Teaching in the Trenches

   
Another good but emotionally-challenging day in the trenches of teaching at-risk youth. I overheard a student tell another teacher that his mother was an addict and used to put cocaine in his baby bottle.
On my planning period, I read through some pages of their autobiographies and took in an account of a drive-by shooting. The sweet, quiet girl in the back of the room has witnessed more bloodshed and bodies scattered on the floor than some cops I know. 
I did a writing blitz day where I kept my class writing, in various activities, for 90 minutes, and in one of the activities, I had these stations with writing prompts on them. The kids rotated and wrote for three minutes on each poster. The one about fighting was twice as full as the one about kissing. I commented on that, and a student said, "Guess there's a lot more violence than love." 

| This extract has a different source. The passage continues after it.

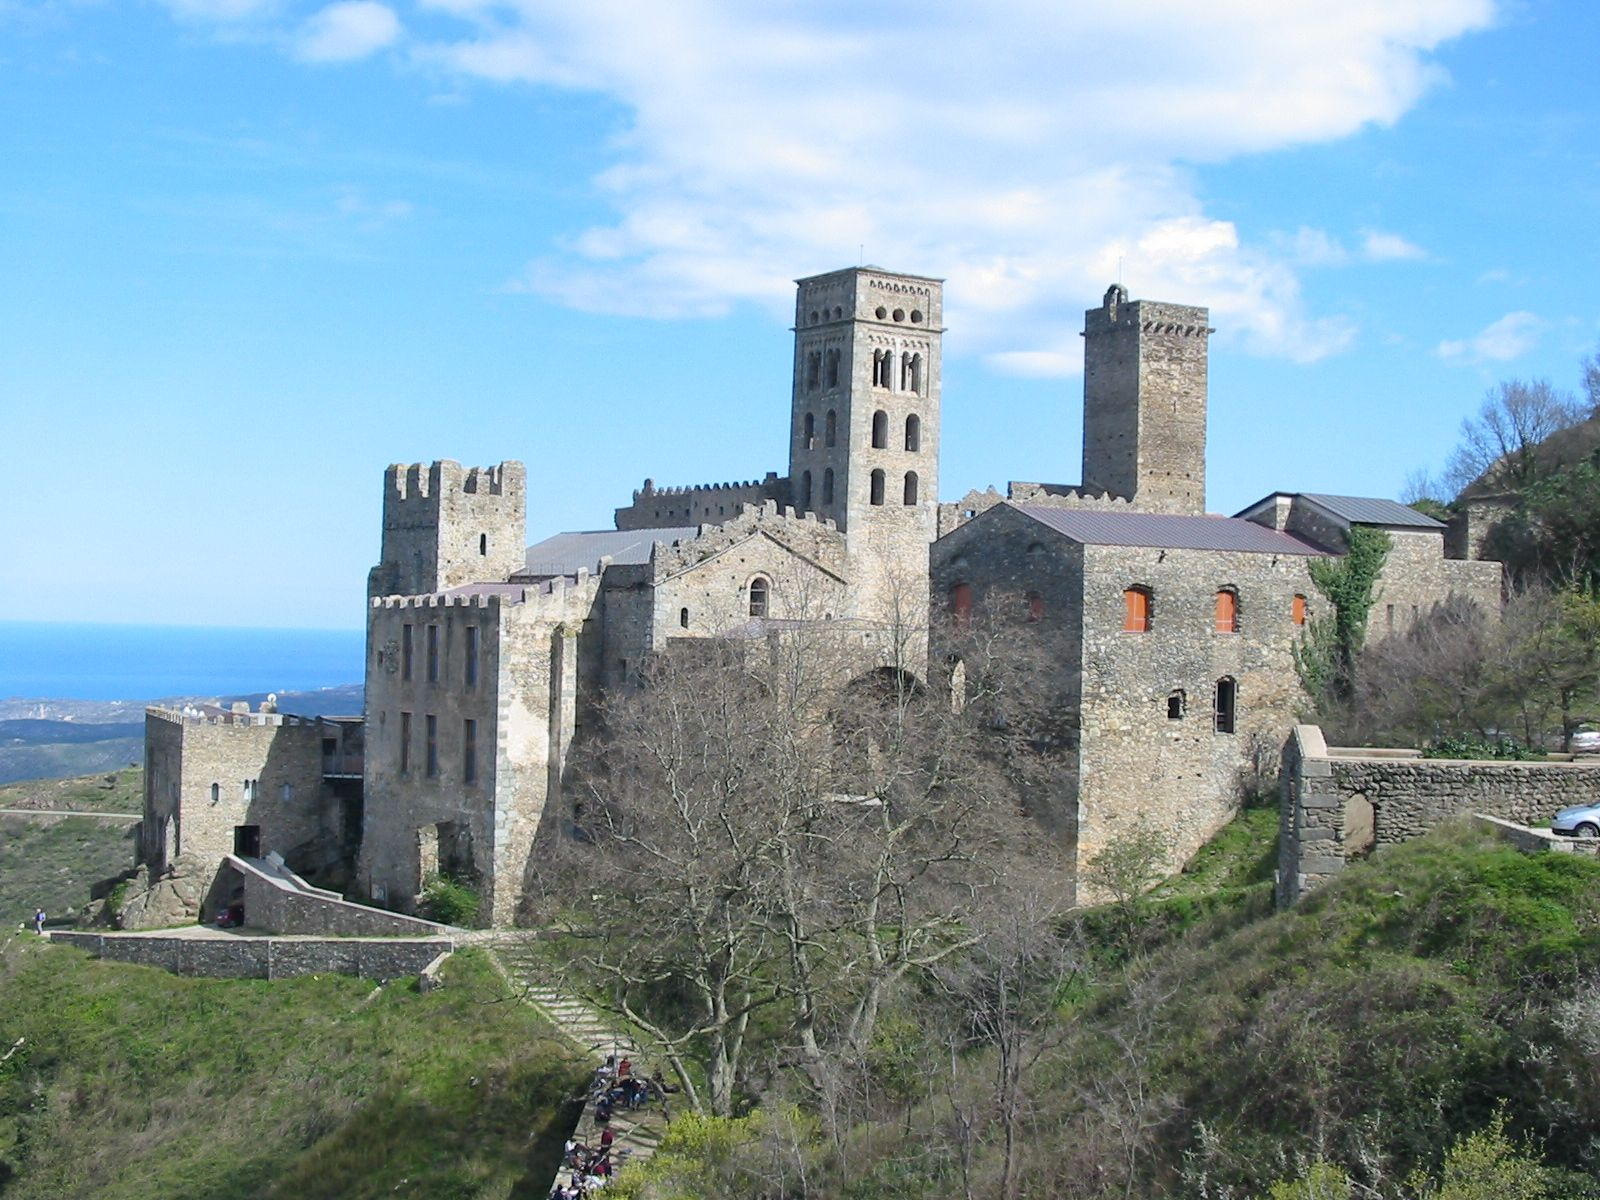 san pedro de roda | File:Sant Pere de Rodes.JPG - Wikimedia Commons

   One of the comments on the "Learning to Kiss" poster said, "Ask a whore." I said, "Did any of you learn to kiss by watching movies?" And one responded, "You mean like porn?" Uh.. no that's not what I meant. One student asked, "Which fight should I write about, the one yesterday or the one last week?" 

     Before class, I stopped "R," who I adore but who is extremely sarcastic and delights in trying to get me off task or rattle me. Yesterday, it was, "Miss! What'd you do to your hair? Have you lost weight? You look skinny. What's different about you? You look really pretty today--do you have a date after school?"  I looked him in the eyes and I said, "R", maybe you and I should start today's class with a hug. Whaddya think?" And he leaned in and said, "I think we should start EVERY class with a hug." I melted, threw my arm around that boy and hugged him. Class went smooth as glass. 
Now I know. Hug "R" every-single-day. 

For many high risk students, spring is a semester full of anxiety. They leave the security of a structured school day with mentors who pour into their lives and hold them accountable, two hot meals, friends, and support, and they have to live through an entire summer without some of those things. No structure, no schedule; for many of them, it's the law of the street. It's especially frightening for seniors. Graduation should be a time of liberation and independence, but for some kids, it's a sentence.  

If only a hug took care of all of them. I think of that starfish the boy in the story threw back. "It matters to that one," and I know that a hug, while it may not be much, mattered to that one, and for today, that's what I can do. Tomorrow is another day.